AP Literature & Composition

The Advanced Placement Literature class is for the self-motivated high school senior wishing to experience the rigors of a college literature class.  This challenging, fast-paced course will immerse students in scholarly writing and in-depth literary study and cover multiple types of literature spanning from Shakespeare’s time to our own.  Working knowledge of literary terms is expected, as are strong skills in writing, grammar, and vocabulary.  Approximately half the classes will be focused on literary analysis, while the other half will be spent in a writing and AP skills workshop.

It is recommended, but not required, to take the AP Literature test offered by the College Board in May.  Arrangements will need to be made with your local high school.  Students who achieve a certain score may receive college credit for their efforts; how much, if at all, is up to the college’s discretion.

This AP Literature course will trace man’s relationship to the spiritual from the 15th century to the present.  The novels and plays have largely been selected from the Kolbe Recommended Reading List and most, but not all, have appeared on the AP Free Response Question at one time or another.  Selected short stories, essays, and poems often fit into this theme but have mostly been chosen as excellent examples within the genre.  Due to their spiritual nature, three selections overlap with the Modern Lit course; however, the AP pace is accelerated and varying topics will be addressed:  Crime and Punishment (3 weeks instead of 7), Brideshead Revisited (3 weeks instead of 5), and The Waste Land (1 week instead of 2).

Students will become familiar with some of the major authors, poets, and essayists from Shakespeare’s time to our own.  Students will deeply analyze the author’s meanings through use of literary technique and their own insights and convey those insights through concise, thorough, scholarly writing.  In addition, students will recognize the intertwined impacts that history, culture, literature, and spirituality have on each other through study and examination of recurrent themes.
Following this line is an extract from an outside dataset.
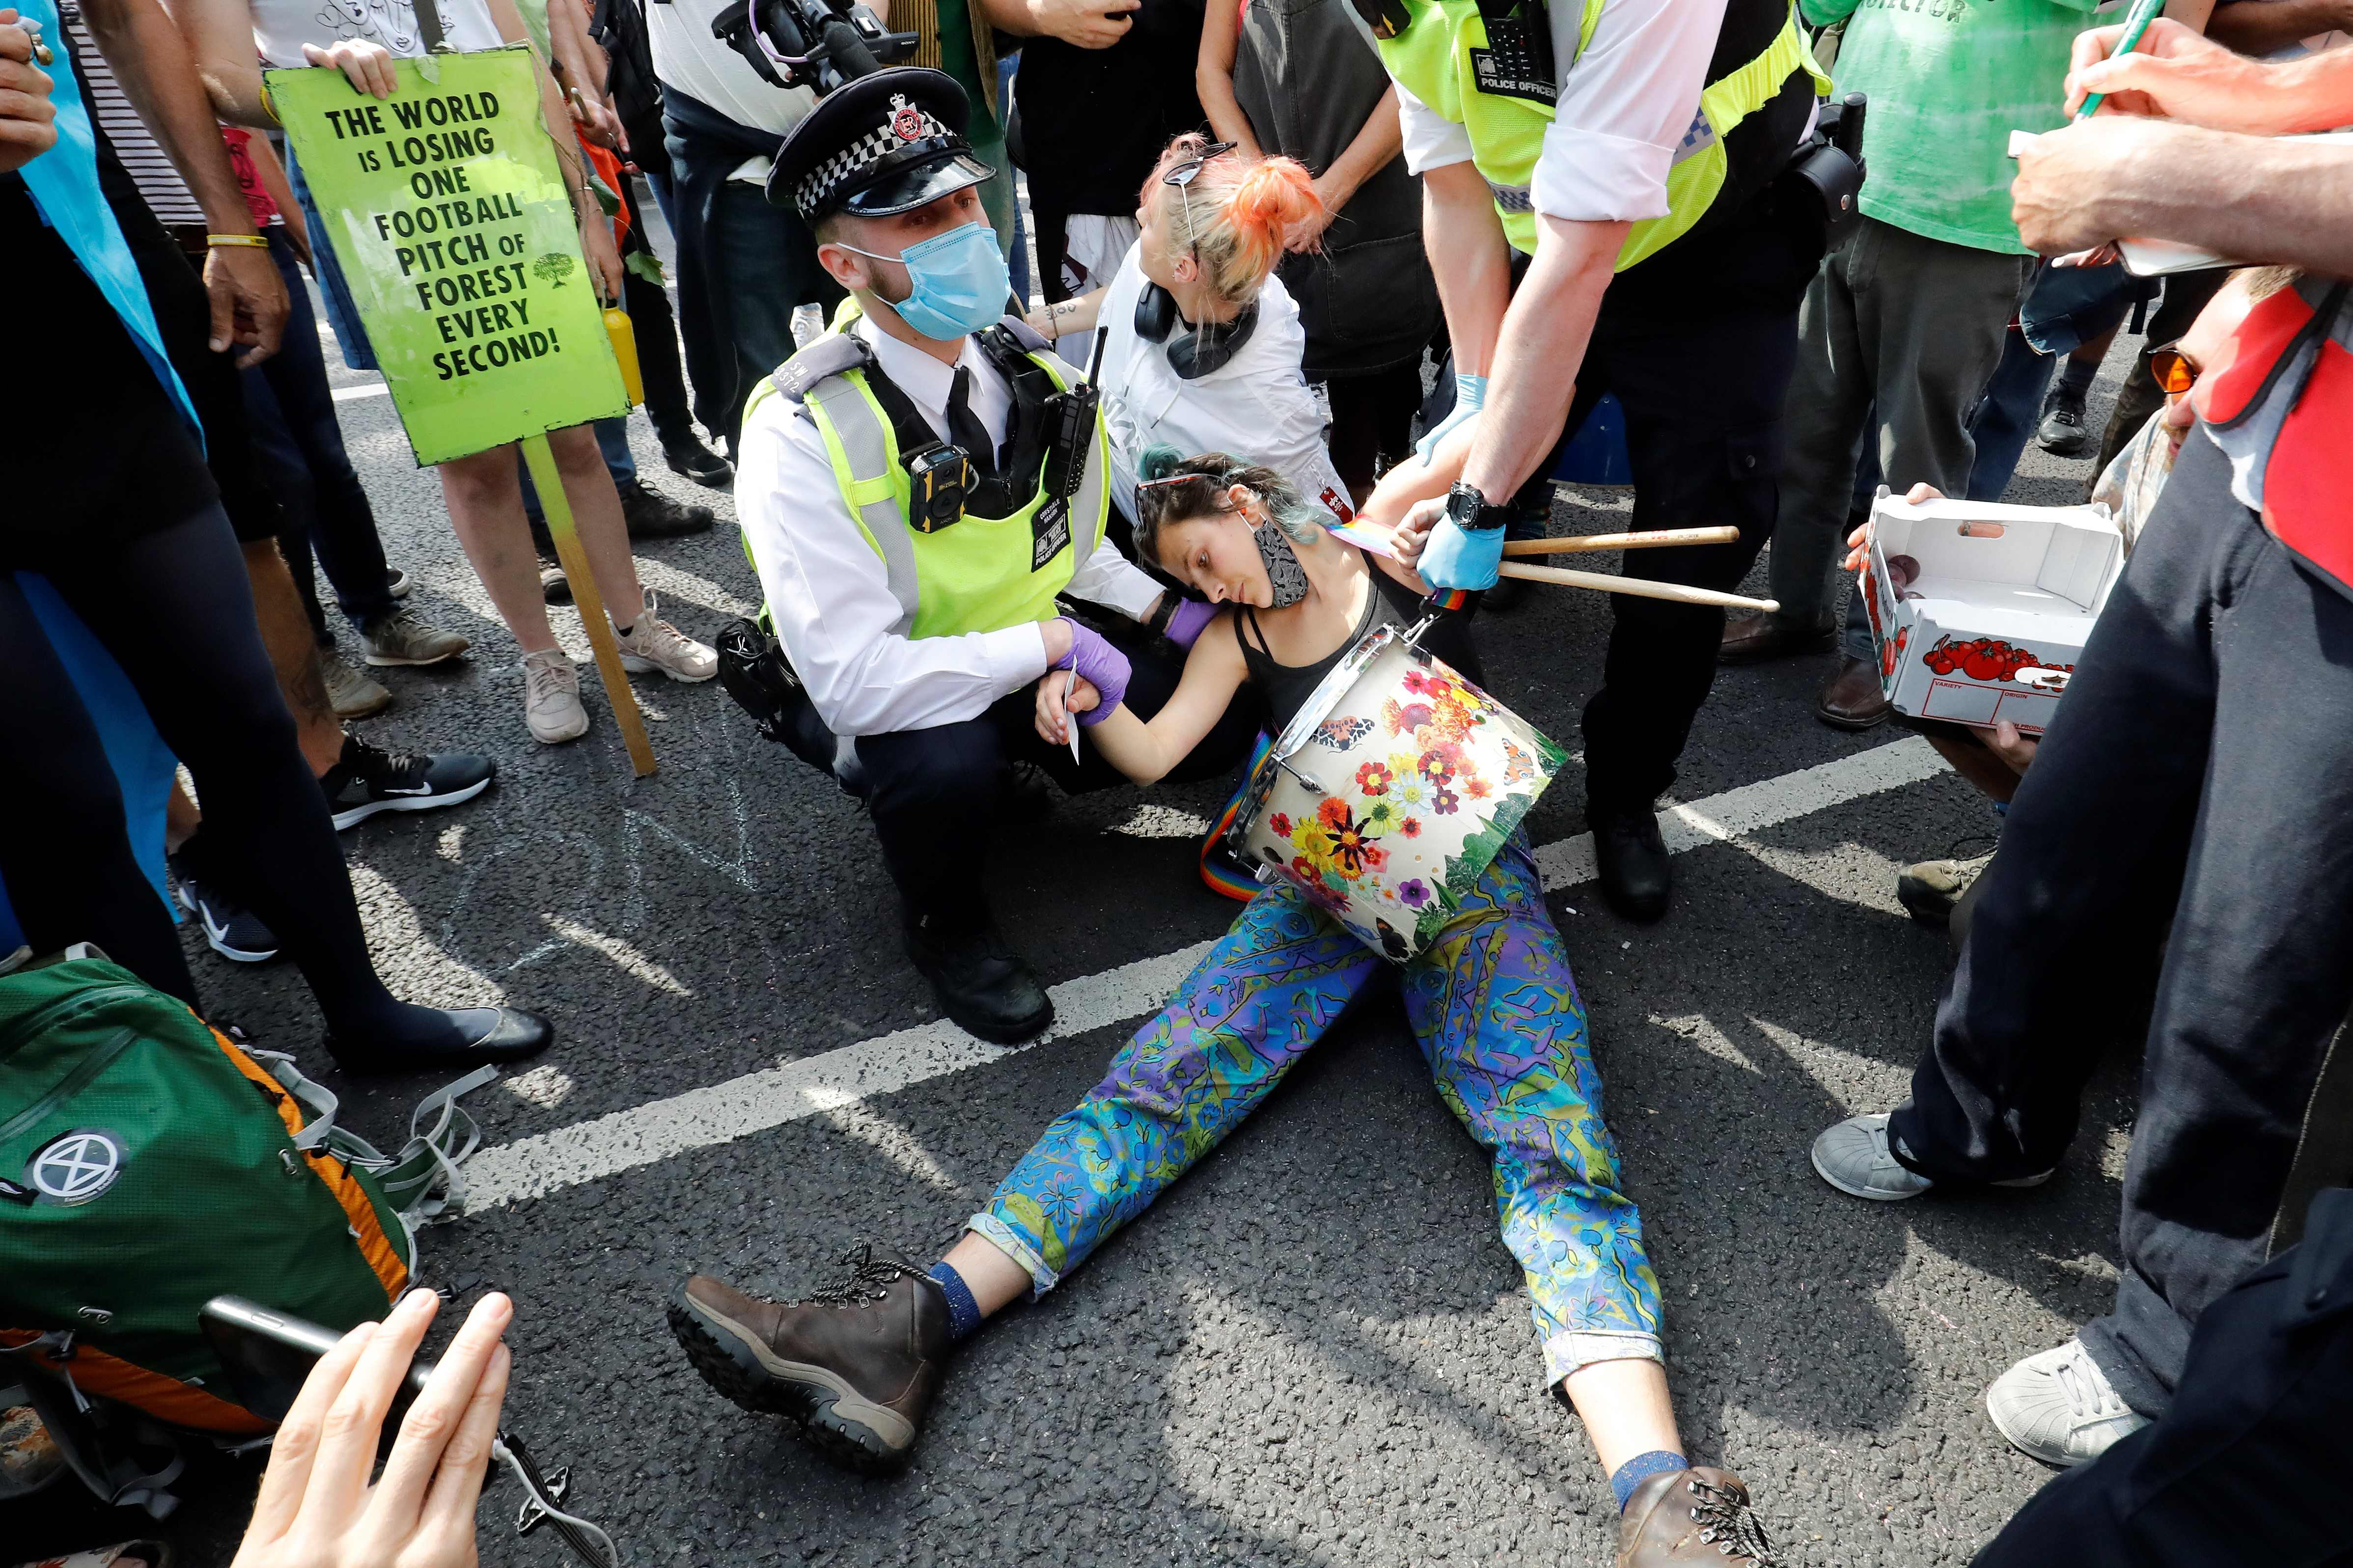 Police officers wearing face masks and gloves due to the COVID-19 pandemic, detain an activist from the climate protest group Extinction Rebellion as they demonstrate in Parliament Square in London on September 2, 2020, on the second day of their latest season of "mass rebellions"

Students can expect a significant weekly reading load of approximately 150 pages per week in addition to independent guided reading of assigned short stories, essays, and poems.  Students will be expected to prepare detailed notes for class to facilitate student-driven analysis and discussion.  Written homework, participation, papers (a variety of types:  analytic, creative, research, etc.), quizzes, and exams will occur with regularity.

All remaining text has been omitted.